_Data block_
────────

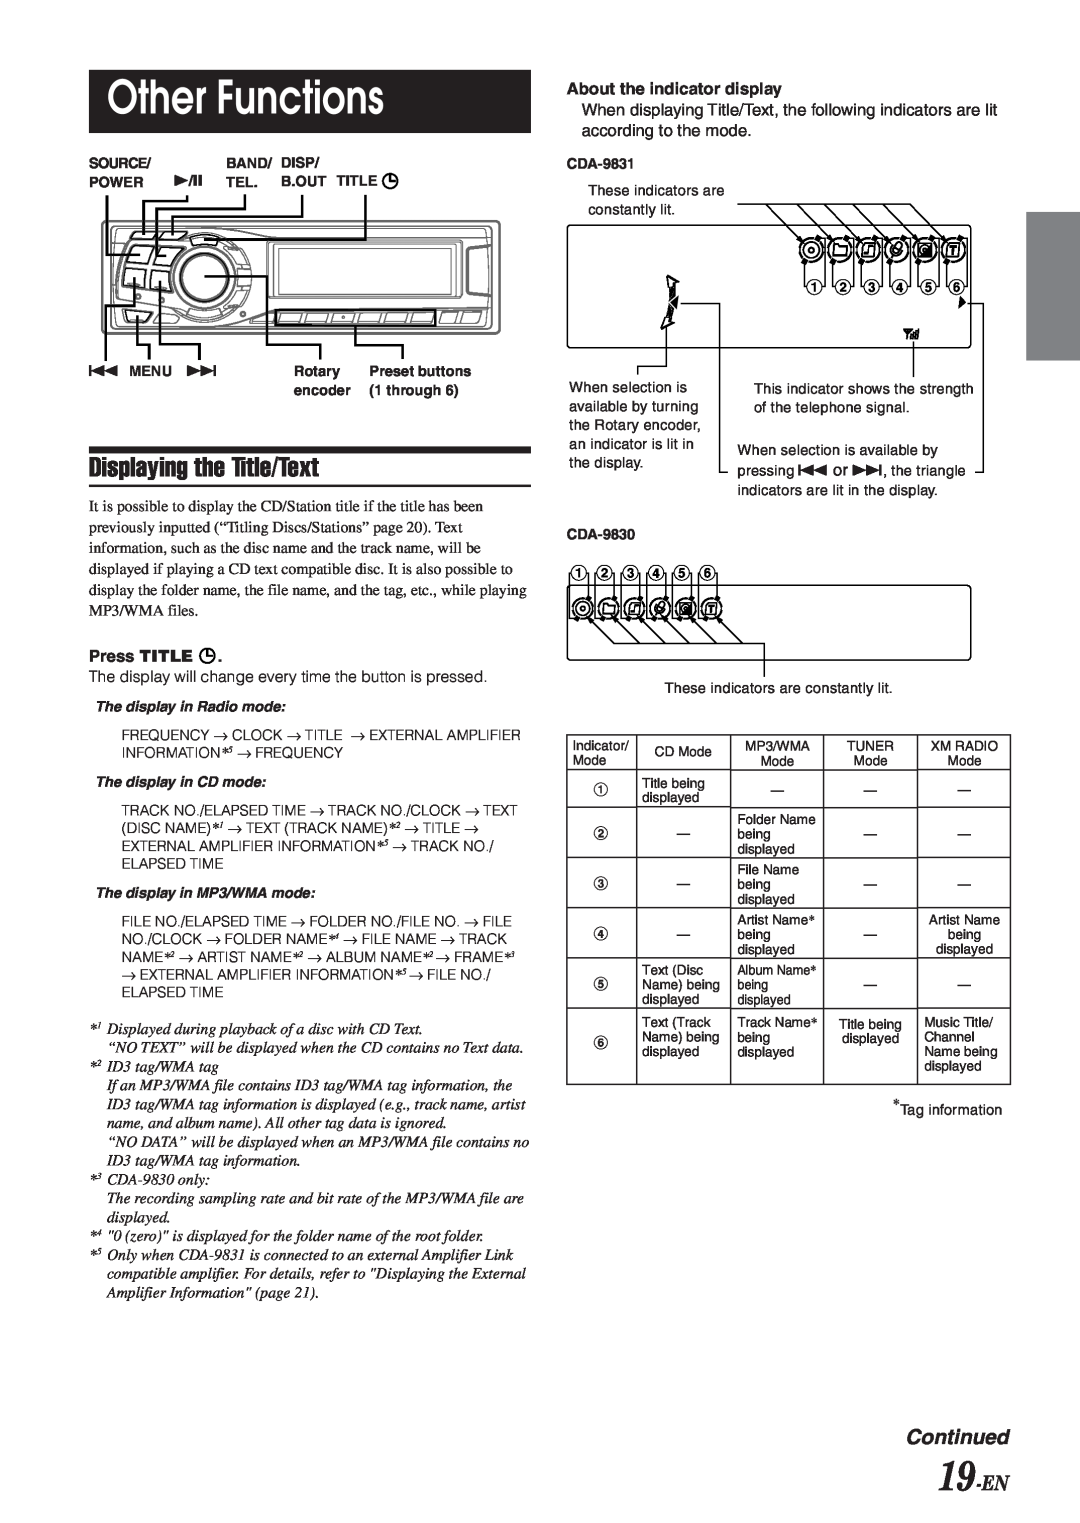 Alpine CDA-9831, CDA-9830 owner manual Other Functions, Displaying the Title/Text, 19-EN 
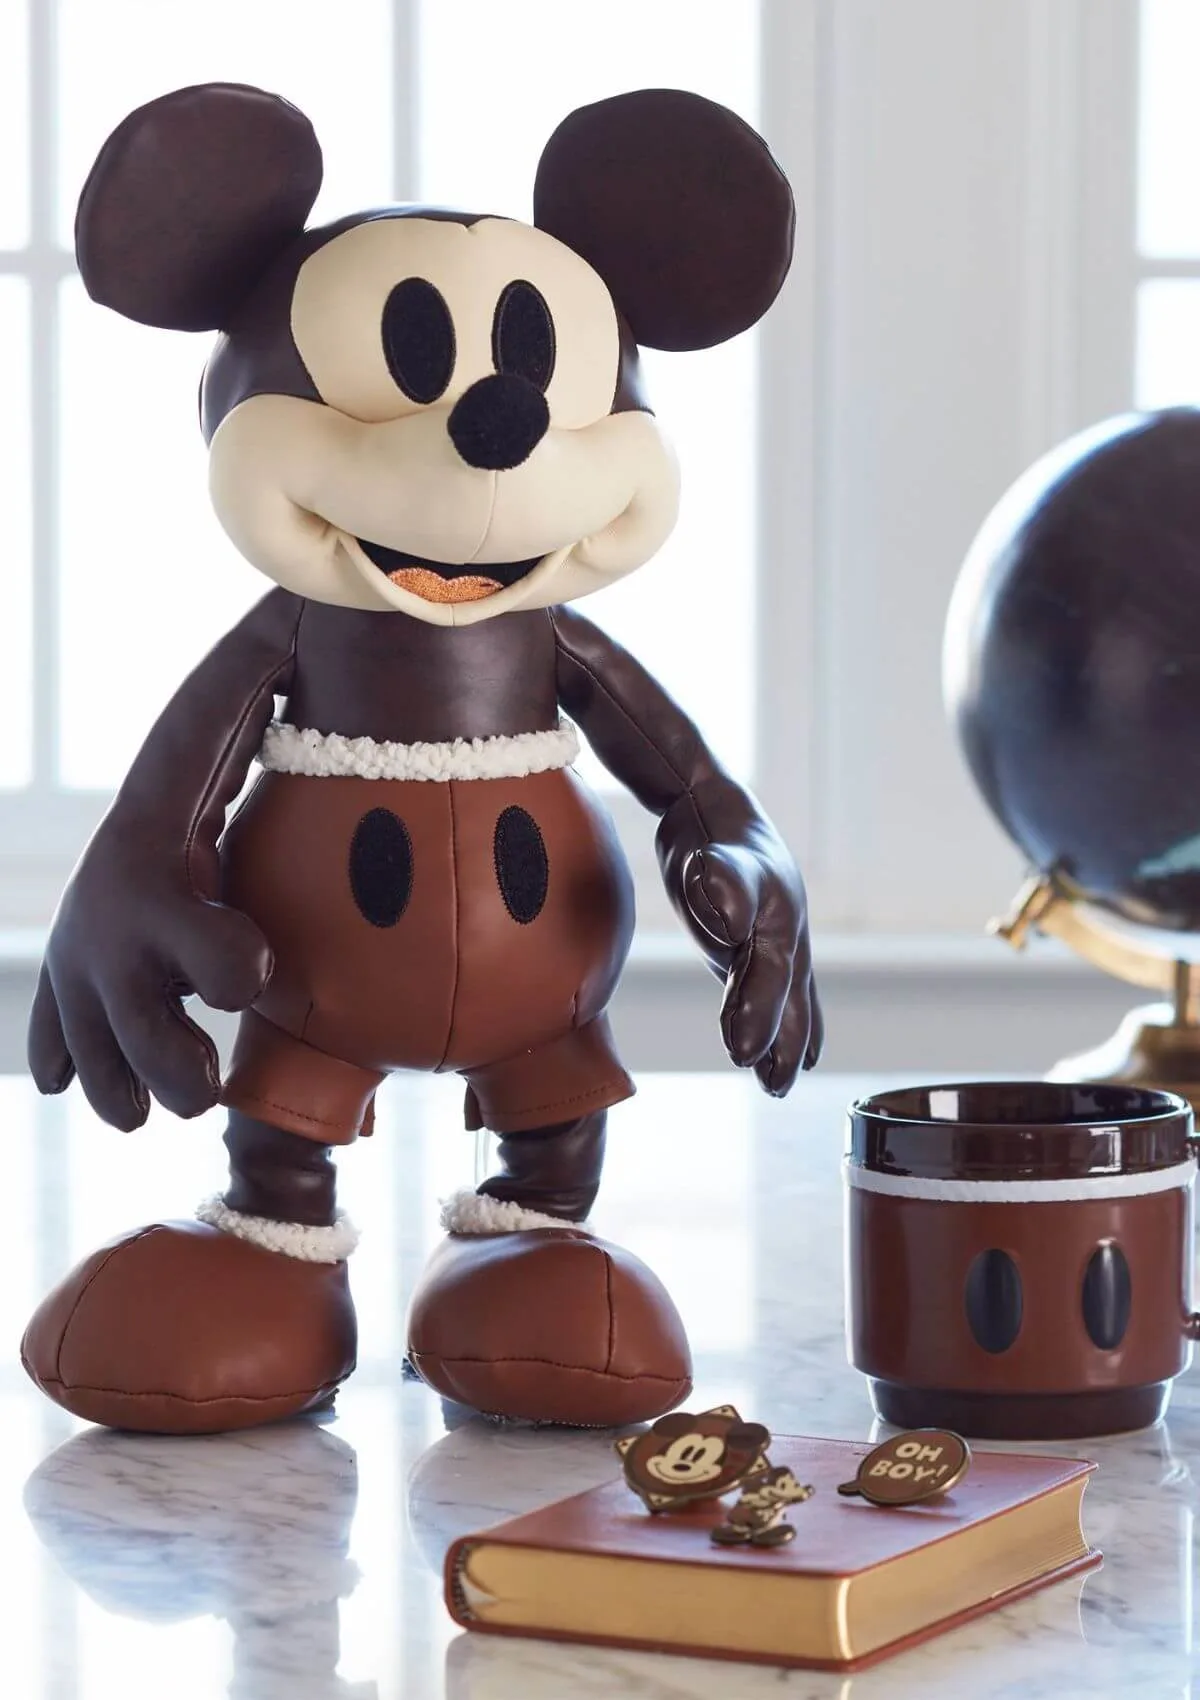 Disney merchandise makes for magical souvenirs from the USA
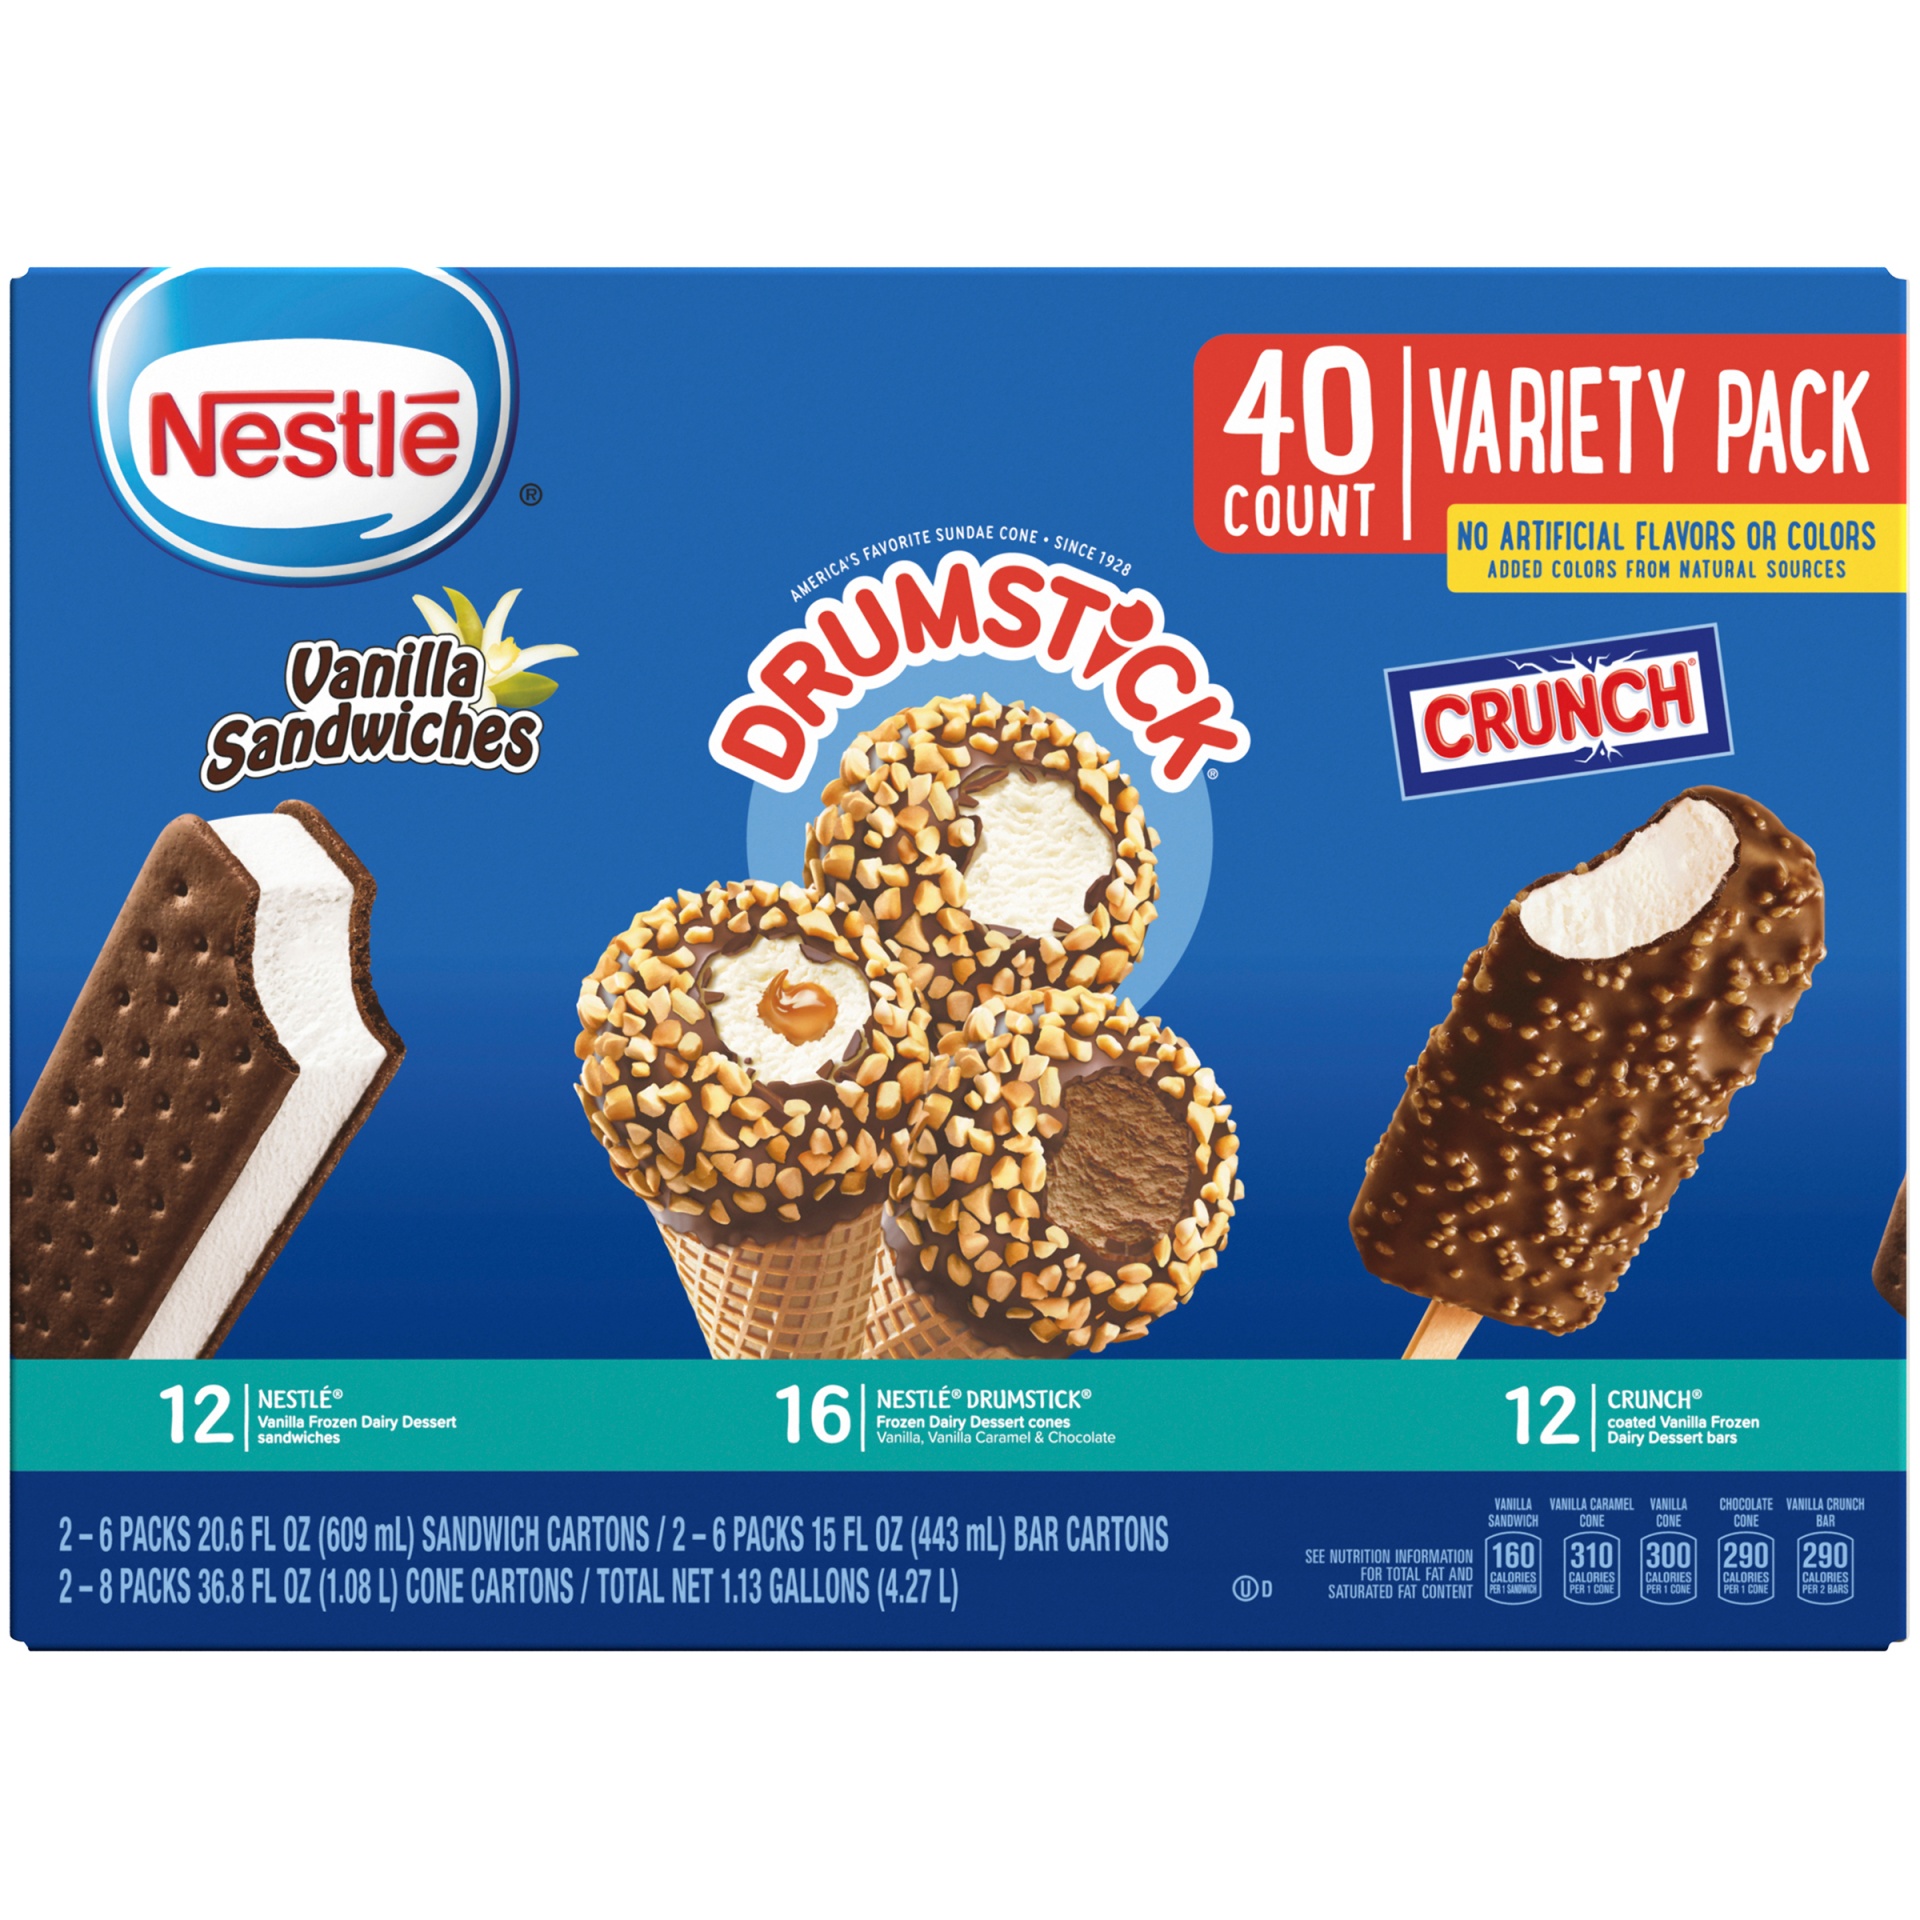 Costco Has A 40-Count Variety Pack Of Ice Cream
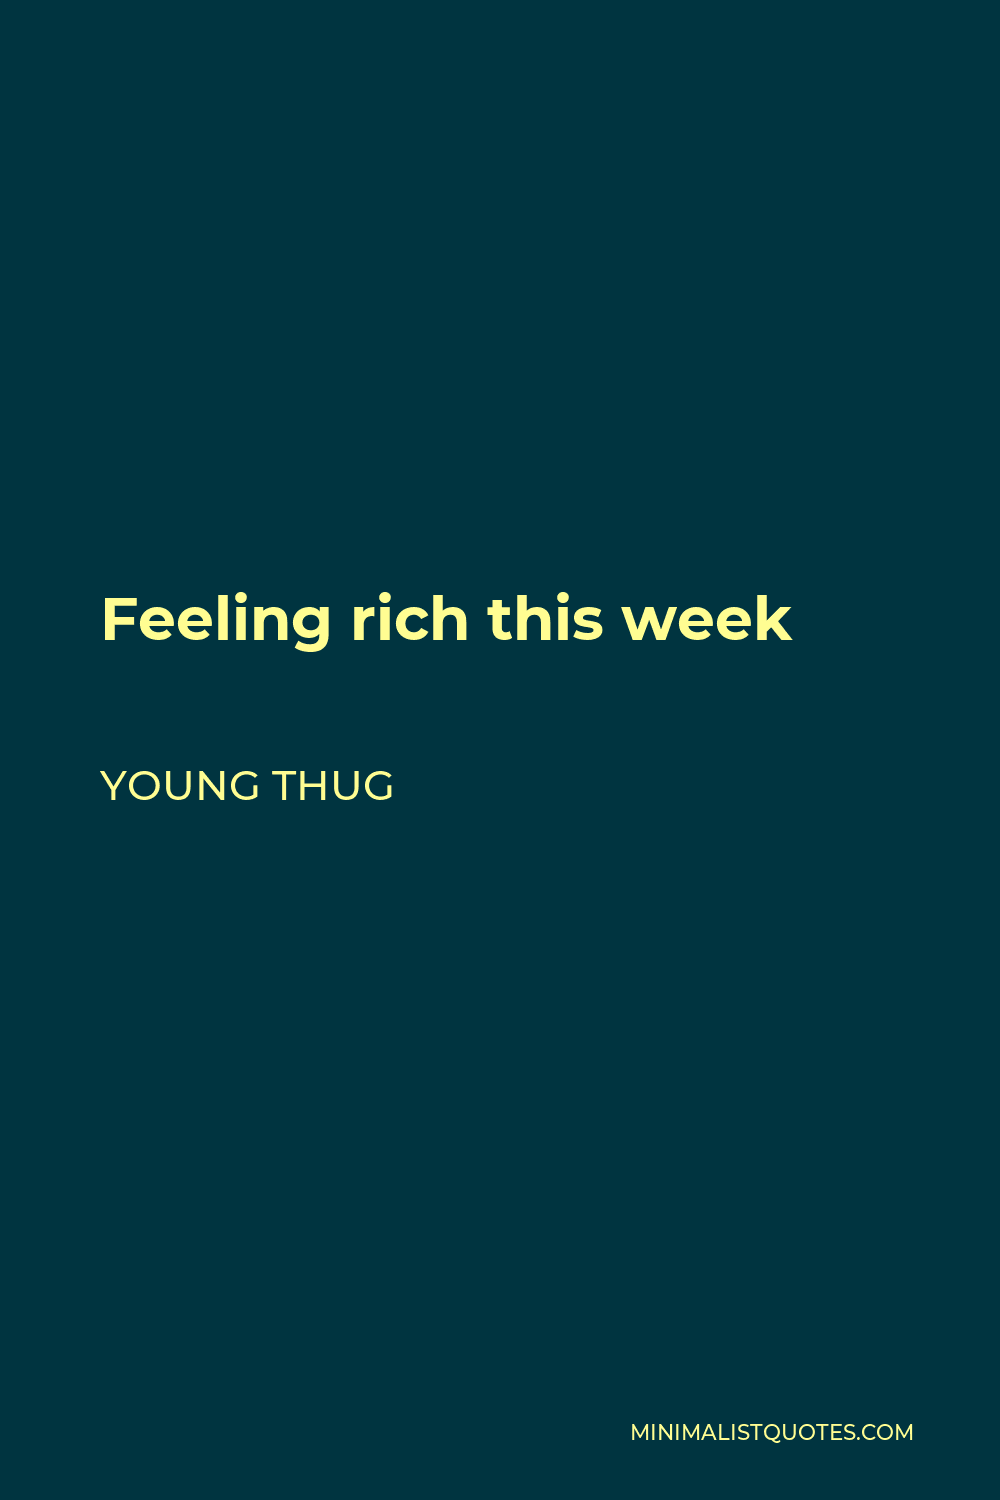 Young Thug Quote - Feeling rich this week

────────

_Task prompt_
Leave out the pictures and output the rest of the material exactly as written.

_Answer for the task_
 Alpine CDA-9831, CDA-9830 owner manual Other Functions, Displaying the Title/Text, 19-EN 
 Disney merchandise makes for magical souvenirs from the USA
 Costco Has A 40-Count Variety Pack Of Ice Cream
 Young Thug Quote - Feeling rich this week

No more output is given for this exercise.